The sun was pale, almost white, like a sliver of ice hidden behind clouds above Lake Pontchartrain, when Clete Purcel met me at the New Orleans airport and drove us back down I-10 toward the city.

"You really want to go to the meat locker, Streak?" he asked.

"You know another place to start?"

"It was just a question."

Morgues deny all the colors the mind wishes to associate with death. The surfaces are cool to the touch, made of aluminum and stainless steel, made even more sterile in appearance by the dull reflection of the fluorescent lighting overhead. The trough and the drains where an autopsy was just conducted are spotless; the water that wells across and cleanses the trough's bottom could have issued from a spring.

But somehow, in the mind, you hear sounds behind all those gleaming lockers, like fluids dripping, a tendon constricting, a lip that tightens into a sneer across the teeth.

The assistant wore a full-length white lab coat that looked like a nineteenth-century duster.
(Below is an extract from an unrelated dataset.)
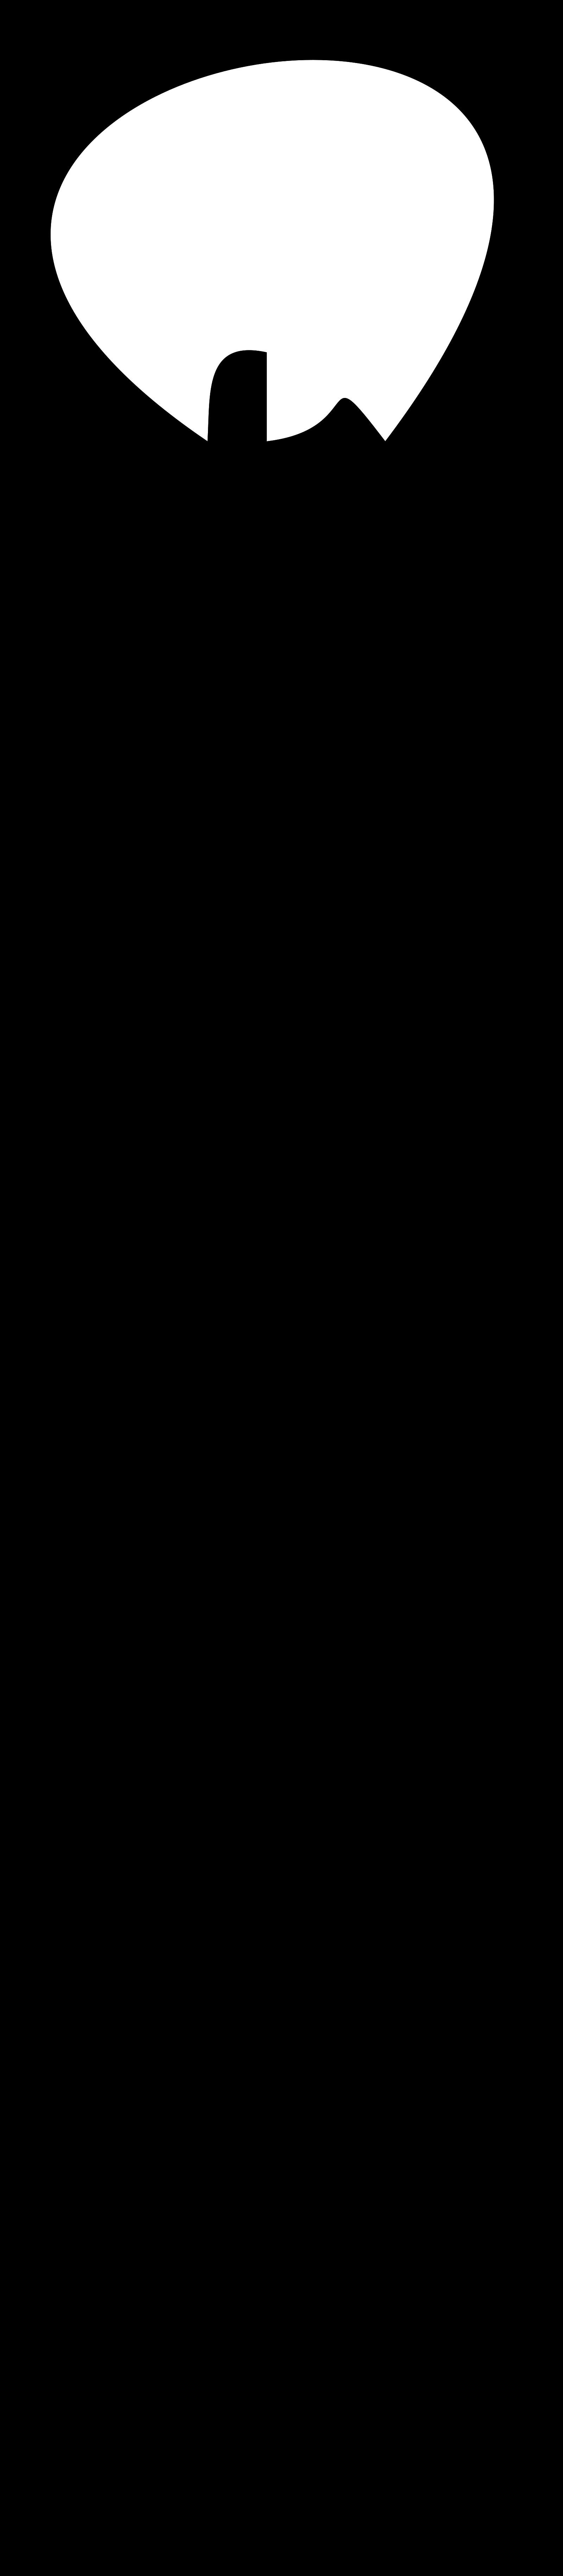 Sport SVG Clip arts

He paused with his hand on the locker door. He had a cold and kept brushing at his nose with the back of his wrist.

"The guy's hands are bagged. Otherwise, he's like they found him," he said.

"This place is an igloo in here. Let's see it, all right?" Clete said.

The assistant looked at Clete oddly and then pulled out the drawer. Clete glanced down at Jerry Joe, let out his breath, then lifted his eyes to mine.

"When it's this bad, it usually means a tire iron or maybe a curb button. The uniforms found him on the pavement, so it's hard to tell right now," the assistant said. "You knew the guy?"

"Yeah, he knew the guy," Clete answered.

"I was just wondering what he was doing in that neighborhood at night, that's all," the assistant said. "If a white guy's down there at night, it's usually for cooze or rock. We on the same side here?"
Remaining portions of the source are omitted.